Clicking the Expand group membership link opens the Effective Group Membership report for this account.
Usage Example
An IT administrators wants to find all user accounts from the OU named Finance that are currently locked out and disabled with information about their managers to contact them in case of any questions. This OU is included in the monitoring plan named Active Directory Monitoring. They need to set report filters as follows:
- Monitoring plan: Active Directory Monitoring
- In the "Account details to show" filter, select Manager.

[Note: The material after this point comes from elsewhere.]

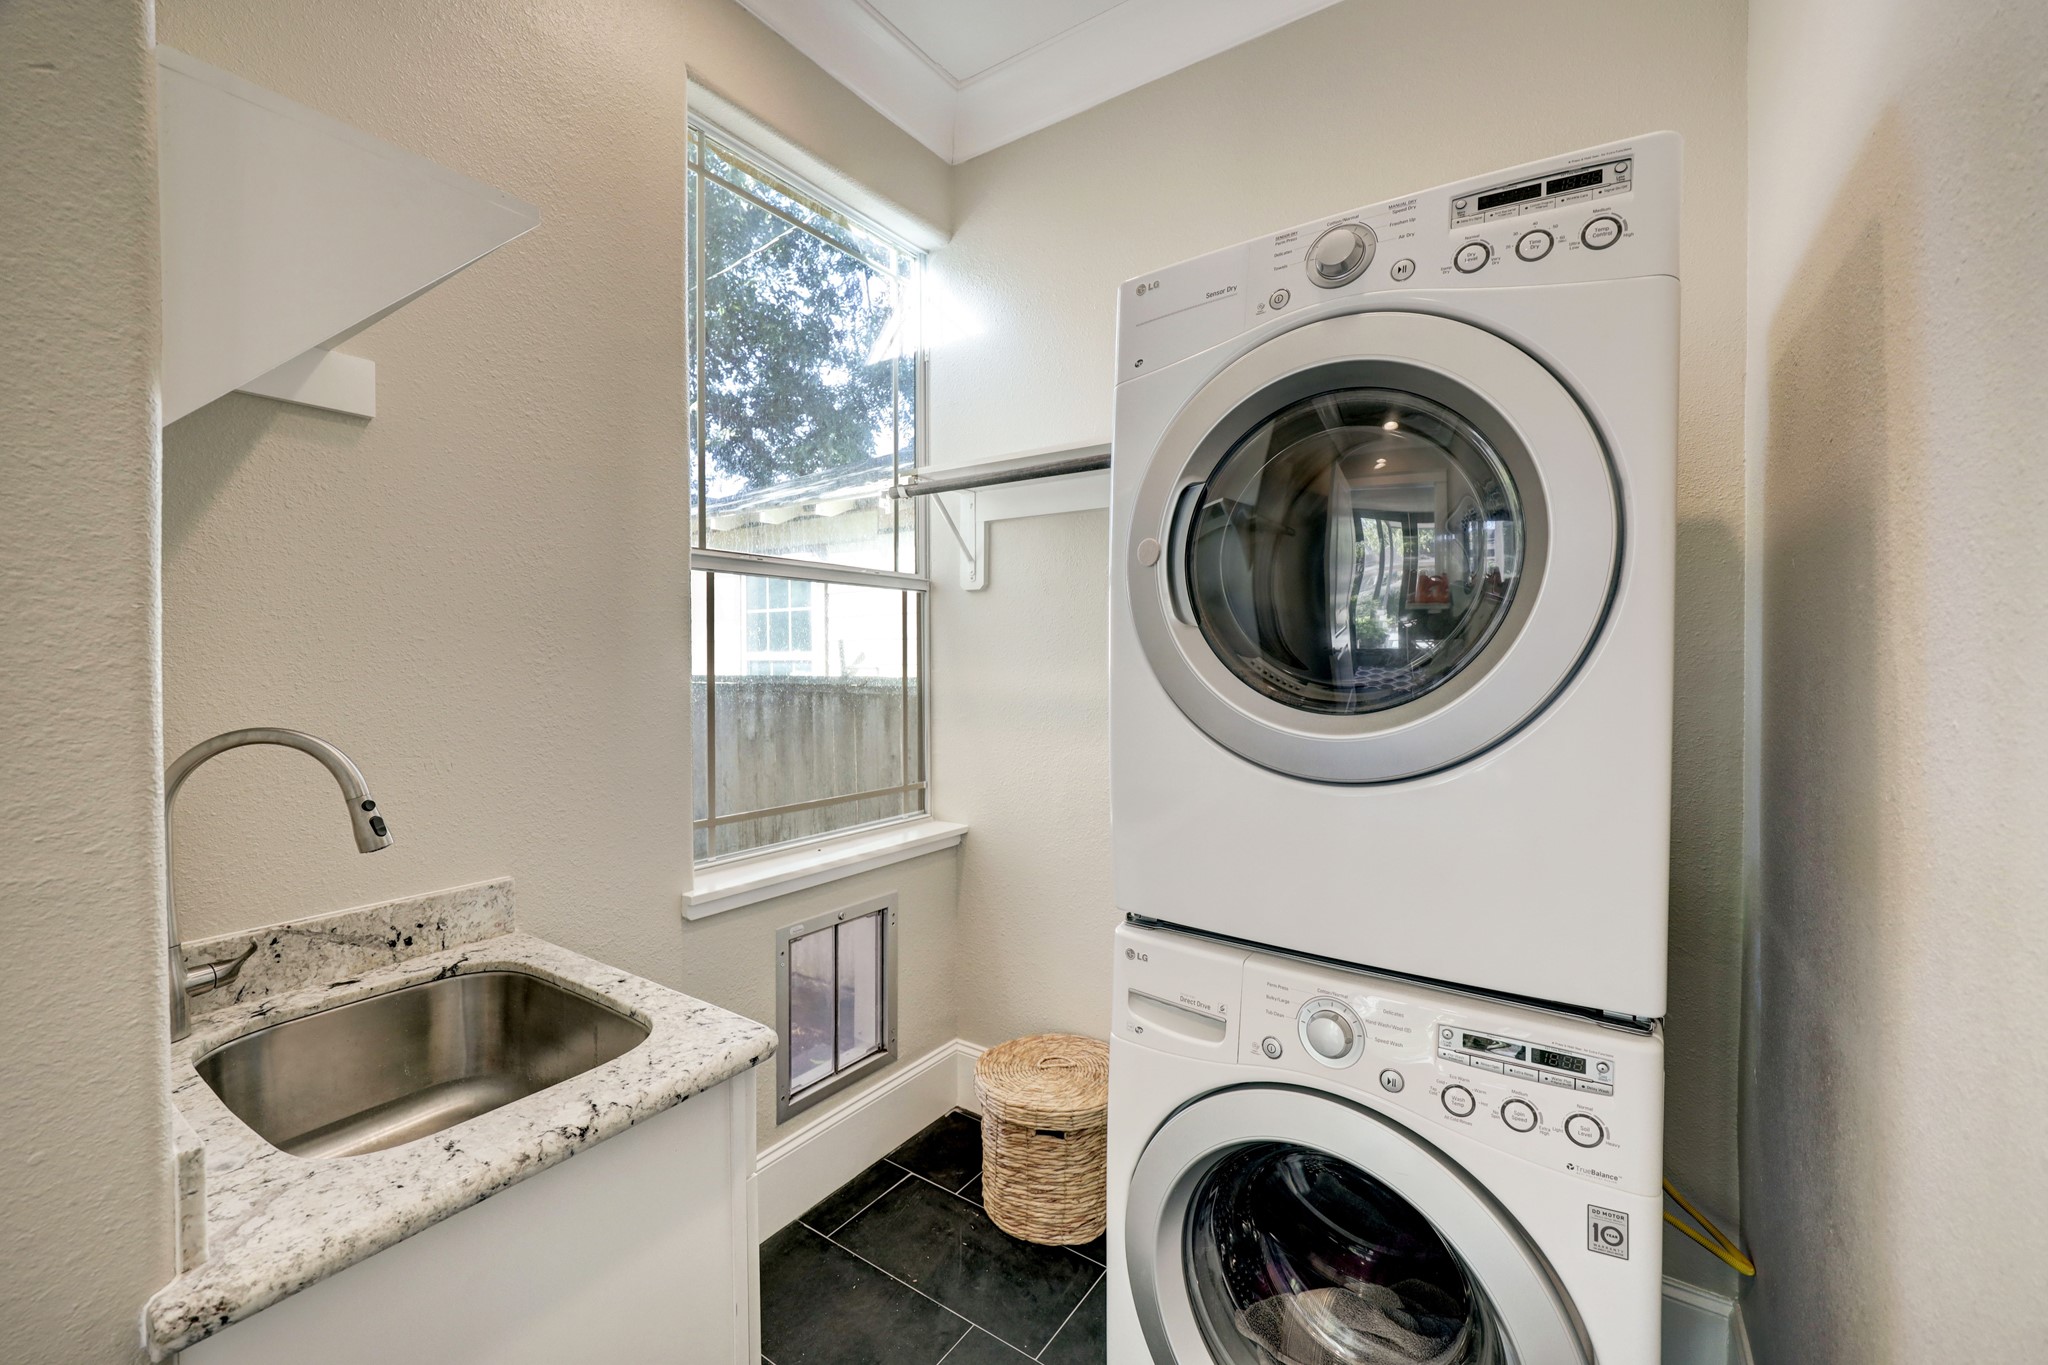 The oversized laundry room includes a sink, electric and gas hookups for dryer, and a dog door.
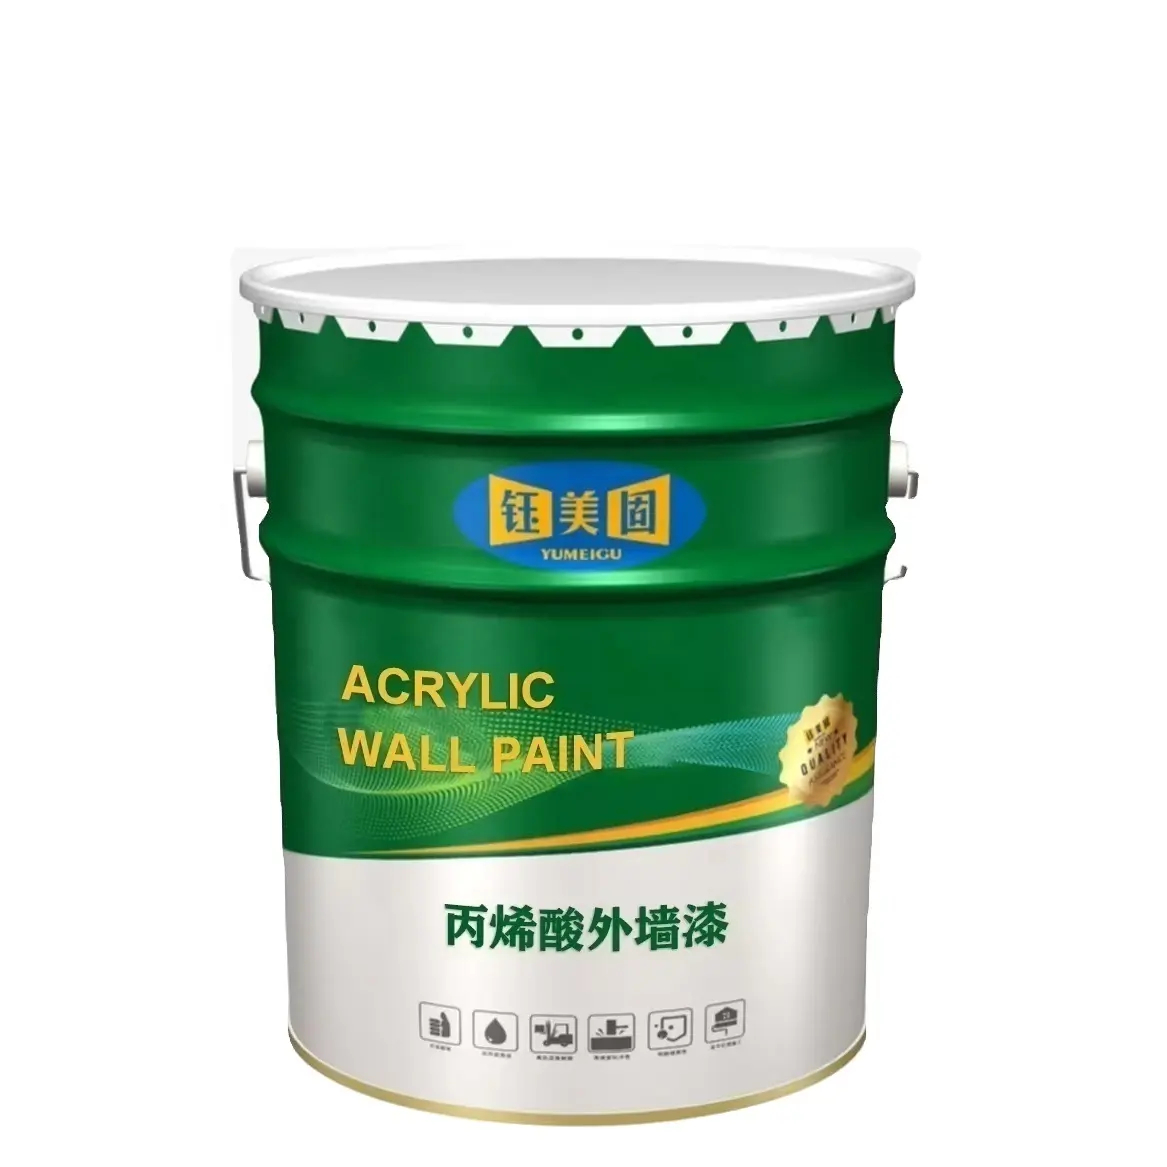 DS0020 Multi-Color Acrylic Wall Paint Liquid Coating Application with Brush

- Attribute 1: Parent OU/container - equals | Value: Domain.com/Finance
- Attribute 2: Account enabled | Value: No
- Attribute 3: Account locked | Value: Yes
- All other filter values can be left default.
A security manager wants to find administrators of the corp.local domain with incorrect password settings (password not required). Service accounts (svc%) must be skipped in the report. This domain is included in the monitoring plan named _Active Directory Monitoring. He or she needs to set report filters as follows:
- Monitoring plan: Active Directory Monitoring
- Item: corp.local
- In the "Account details to show" filter, select Member of, Password not required.
- Attribute 1: Member of - equals | Value: Domain Admins
- Attribute 2: Password not required| Value: Yes
- Attribute 3: Logon name (sAMAccountName) - not equal to | Value: svc_%
- All other filter values can be left default.